Getting Tinnitus Relief Using Tinnitus Sound Therapy | Best Tinnitus Treatment?

Synapse XT is designed to assist the body produce more oxygenated blood, which assists the brain and auditory system function effectively. Synapse XT is a source of L-Tyrosine that aids in maintaining a healthy amount of dopamine, a substance that plays a major part in the communication between the auditory and brain system.

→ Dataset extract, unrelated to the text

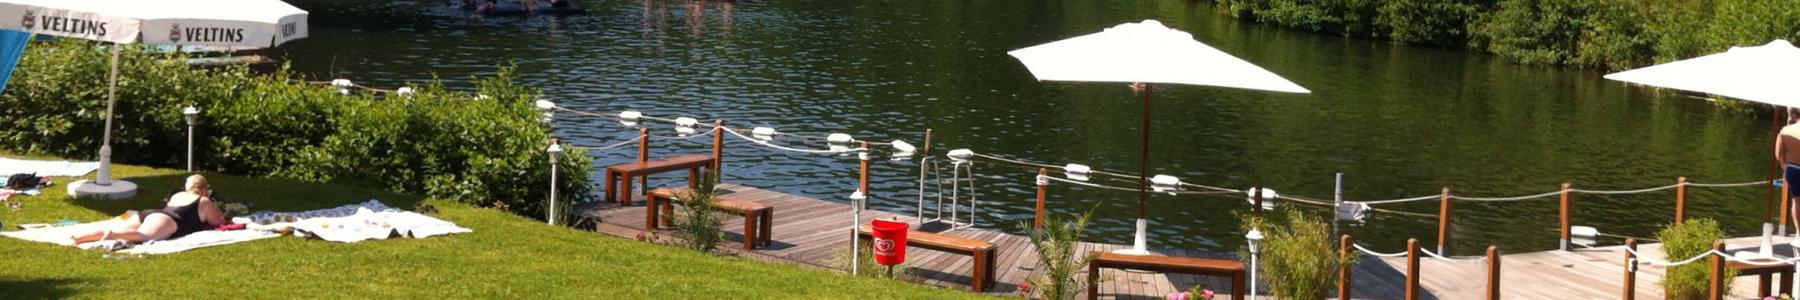 See hunde blauer vettelschoß Blauer See

The cranberry and pomegranate extracts help to increase the level of antioxidants found in the body, which has been proven to decrease inflammation and increase the chance of ear infections. The ginkgo biloba and vitamin C work in tandem to improve the flow of oxygen throughout the body. This can aid in restoring hearing in situations when hearing loss has occurred.

To determine whether Synapse XT can actually provide relief from the symptoms caused by tinnitus the company conducted a trial of its own. Based on the findings of the study, which is published in Neurology, the dietary supplement proved effective in reducing the severity of tinnitus symptoms in people who had been taking it for three months.

Synapse XT is also designed to contain zinc, magnesium, and L-glutamine. These ingredients have been shown to help reduce hearing loss and hearing loss.

So How Does The Tinnitus Retraining Therapy Actually Help You Do That

It focuses on both the conscious and subconscious minds. There are plenty of noises that go on around you that you do not consciously hear, because your subconscious mind filters them out.

For example, do you stop and take notice every time your air conditioner kicks on, every time your refrigerator motor starts running, or every time a car drives by your window?

Why not?

Because your subconscious mind does not see those noises as a threat. They are simply the sounds of life, and your subconscious mind knows they wont hurt you. As a result, there is no need to alert your conscious mind to them.

Update Binaural Resonance Training

The Tinnitus Retrain System now includes a comprehensive course incorporating Binaural Tones to treat tinnitus!

This binaural beats therapy course called Binaural Resonance Training is an invaluable and excellent addition to this already great program.

This sound therapy for tinnitus, explains via images and text the whole concept of a third tone and the influence this has with regard to what we hear.

It also answers questions that may arise regarding masking techniques and how this Binaural Resonance Training differs in its approach. Retraining is by far the preferred route to masking which is a temporary fix often promoted by less comprehensive tinnitus courses.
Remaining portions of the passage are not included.